A one-page tracker to run the program
With so many moving parts, a dashboard or tracker is vital. Design a one-page program tracker that you update regularly and can share in meetings:
- Incentives: List each incentive (tax credit, grant, loan) you’re pursuing, its status (e.g., “45X manufacturing credit - applied, awaiting allocation” or “PTC - will claim on 2025 taxes”), an owner, any deadlines, and expected value. This keeps the finance team and execs aligned on what benefits are in play.
- Permits: List key permits with authority, status (“submitted”, “approved”, “pending appeal”, etc.), any critical dependencies, and next action.
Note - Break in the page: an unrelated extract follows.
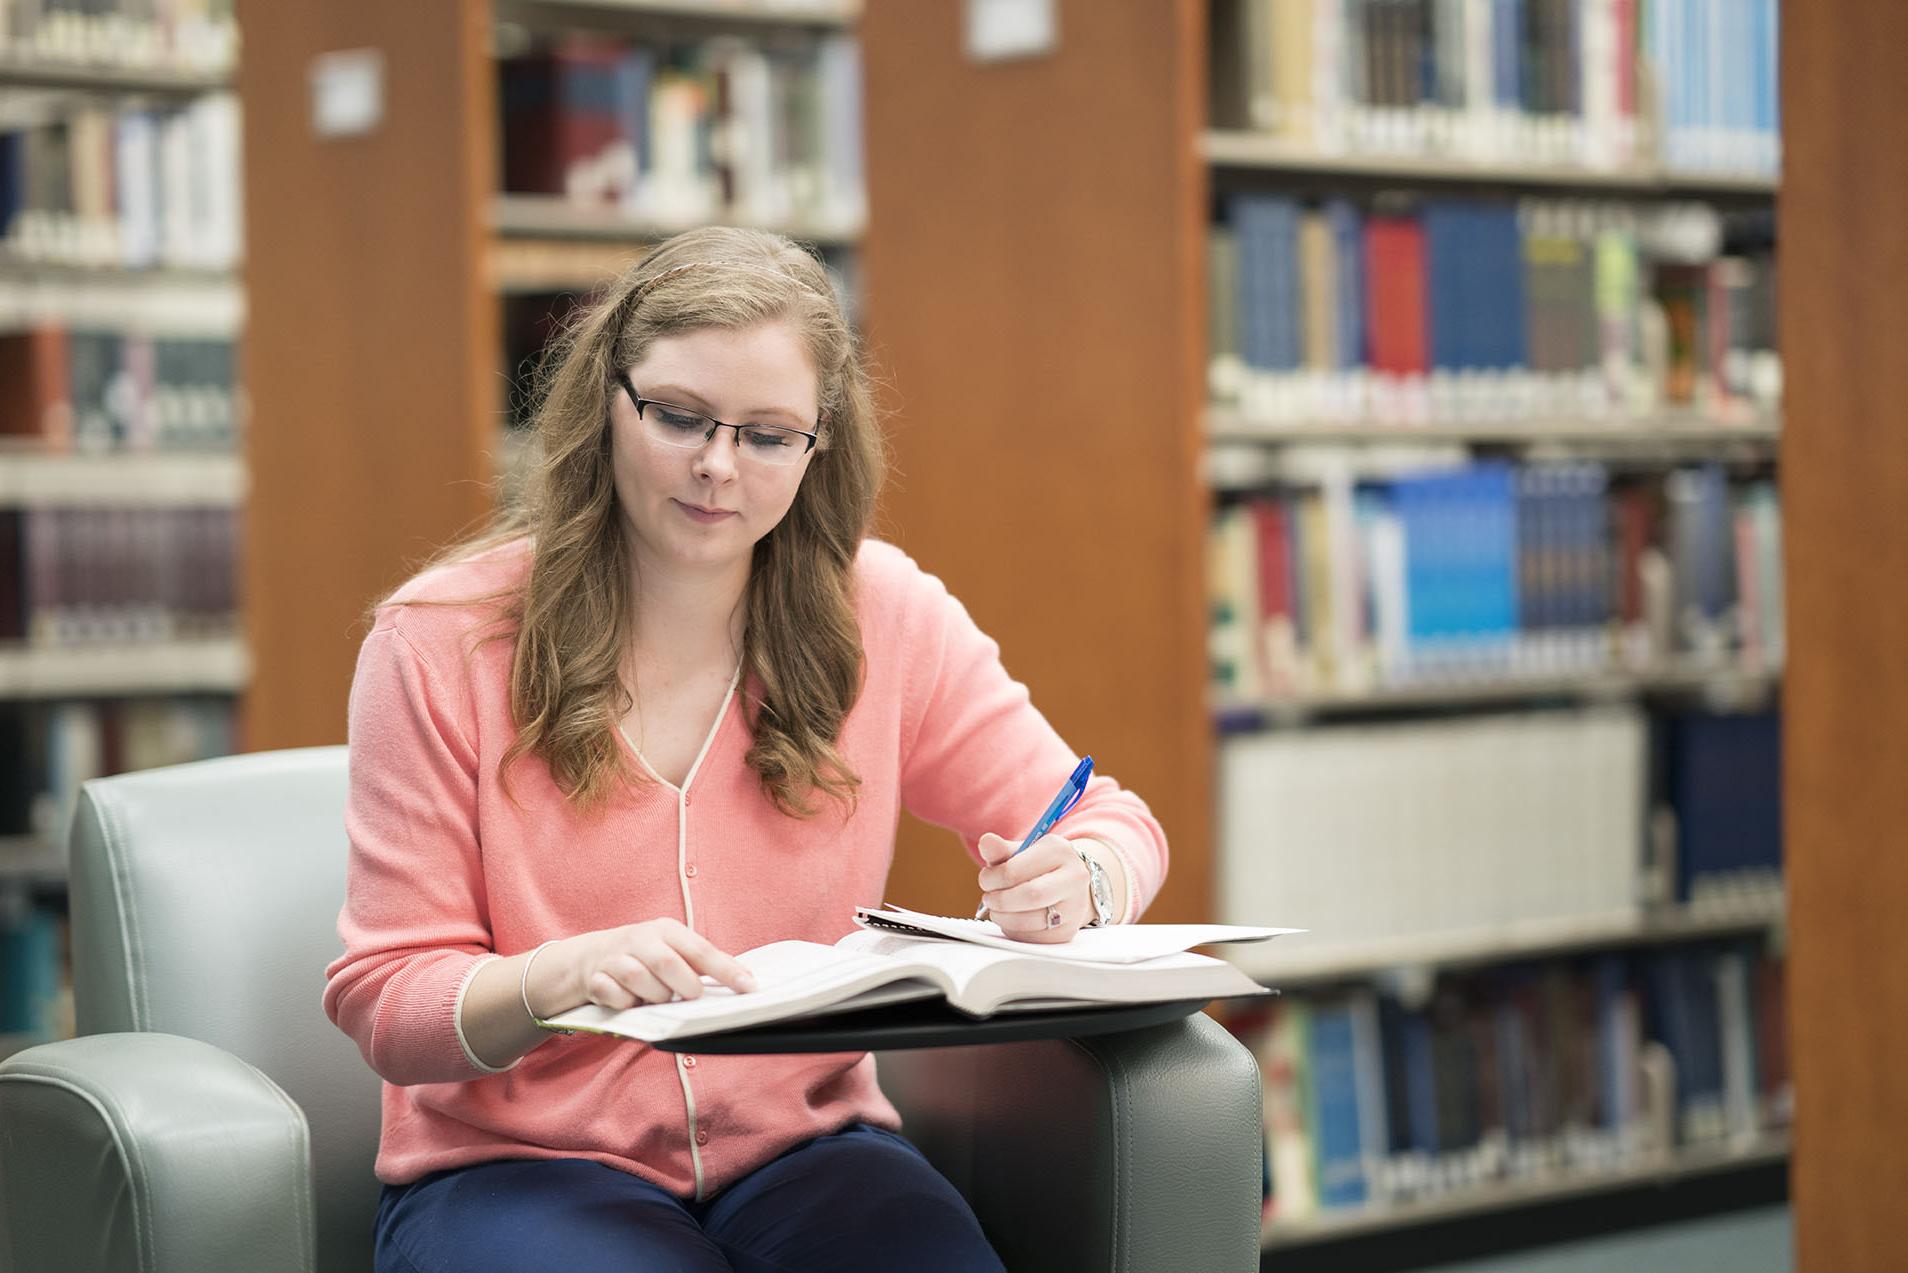 Student Studying in Kares Library

Include who’s responsible for follow-up.
- Supply chain: For each critical component, list primary supplier, backup, current lead time, and any issues/mitigations (“Transformer - Supplier A (ordered, 8-month lead), backup Supplier B available at +15% cost if needed”).
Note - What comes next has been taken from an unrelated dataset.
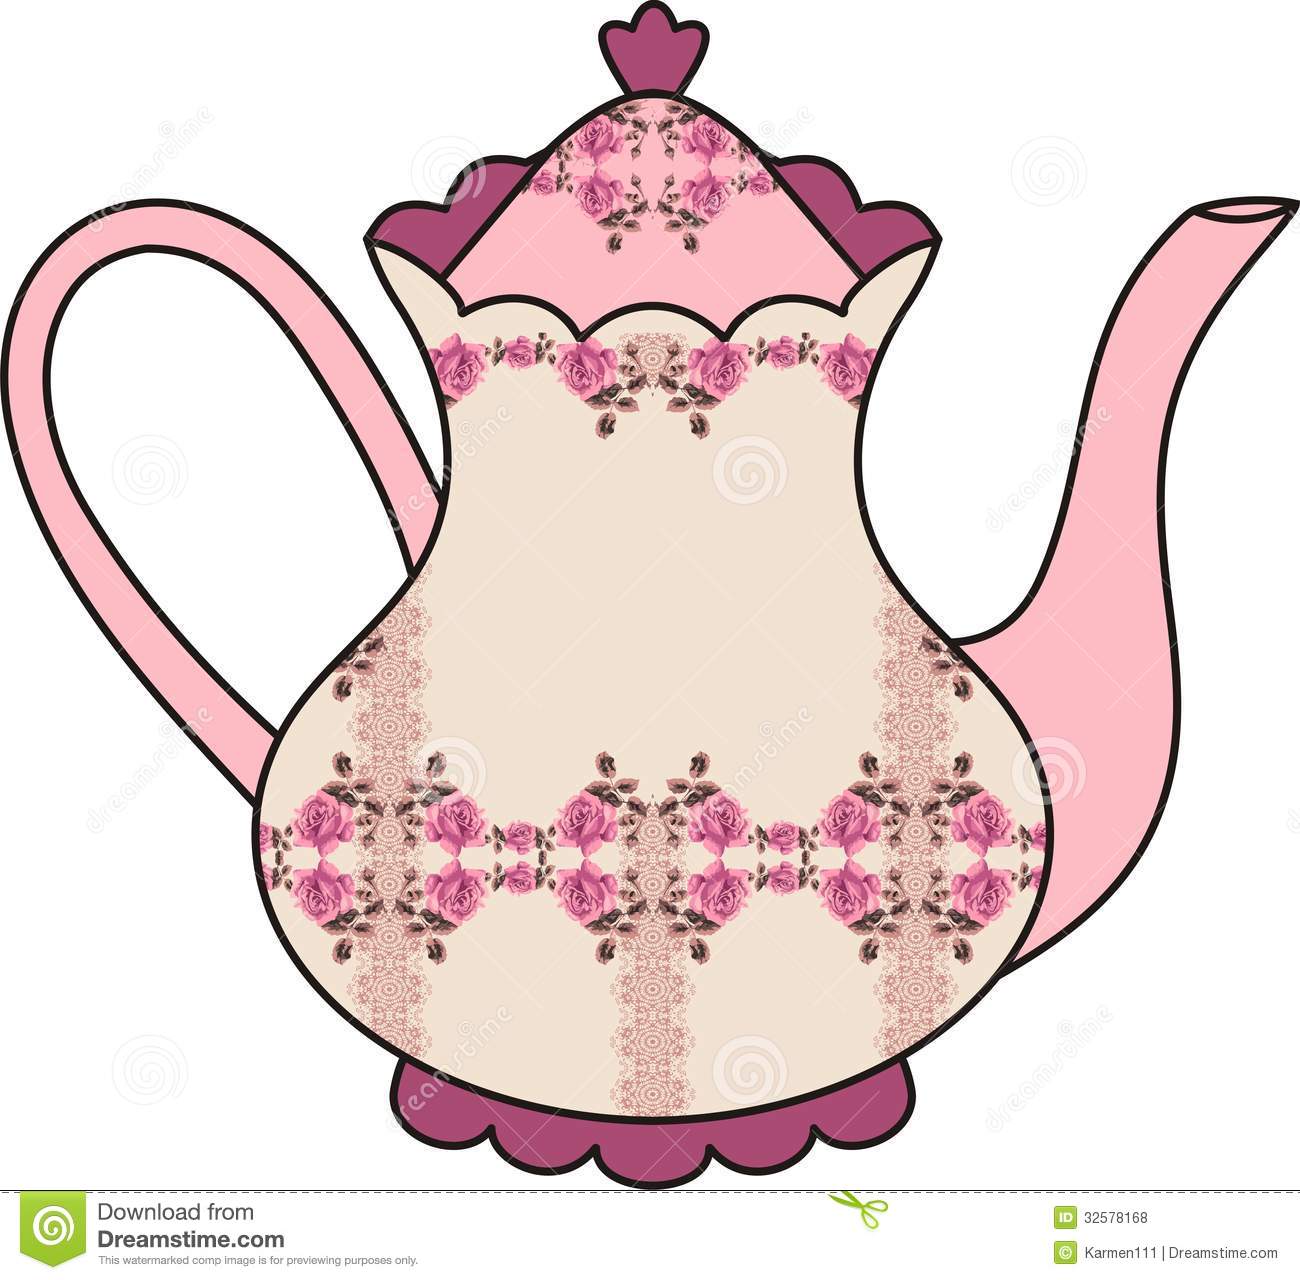 Royalty Free Stock Photos  Floral Roses Teapot  Time For Tea   Shabby

- Workforce: Key roles or trades, targets vs. actual (“Welders: need 20, hired 15, training pipeline 5 finishing next month”), partnerships (like local college - note if they’re delivering). Possibly include retention metrics or absenteeism if that becomes an issue.
- Narrative: A few bullet points of key claims tied to milestones - could double as your external message points. E.g., “Key claim: Project on track to start production by Q4 2026 - supported by permits all in hand and orders placed for long-lead equipment.” Keep notes on upcoming briefings or “showcase” events too (like a planned groundbreaking ceremony or site tour for officials).
Essentially, this is the cockpit instrument panel for your IRA initiative.
Outreach kit contents
You’ll likely be engaging with media, local communities, and officials regularly – have a ready kit of materials that you keep updated:
- One-page narrative: A high-level summary of the project or program, emphasizing the tangible milestones (permits, contracts, jobs created so far, money invested so far) and future timeline. Align this narrative with things policymakers care about: jobs, economic growth, innovation, climate benefits. Update the numbers and achievements each quarter so it’s always current.
- Fact sheet with verifiable numbers: Like an FAQ or fact sheet to share with press or community. Include key stats (X jobs, $Y investment, Z MW of clean power, etc.) with sources or context. Any number you put here, ensure a skeptic could verify it. If you say “300 jobs,” ideally you have a breakdown or a way to substantiate that (maybe 150 currently hired + 150 projected with construction ramp-up).
- Visual timeline: A simple graphic showing past milestones achieved (groundbreaking, permitting done, equipment delivered) and upcoming ones (construction phases, operational date). This helps non-technical stakeholders grasp progress at a glance.
- Contact sheet: Names and contact info for follow-ups - e.g., your media spokesperson, community liaison, project manager (for technical queries). If you brief local officials or press, they appreciate knowing who to call for what.
Having this in your back pocket means whenever you’re asked to present or someone important visits the site, you have polished info to hand out or show, rather than scrambling to assemble something last-minute (and risking errors). It also ensures consistency - everyone on your team sings from the same song-sheet. Operators who align incentives, permitting, and disciplined execution will move faster and with fewer surprises. The IRA era rewards those who are proactive and detail-oriented - money is there for the taking, but only if you navigate the process smartly. By staying organized, honest in your communications, and agile in execution, you set yourself up not just to win funding but to deliver successful projects on the ground. And ultimately, that’s what this is all about: turning policy into concrete outcomes - literally.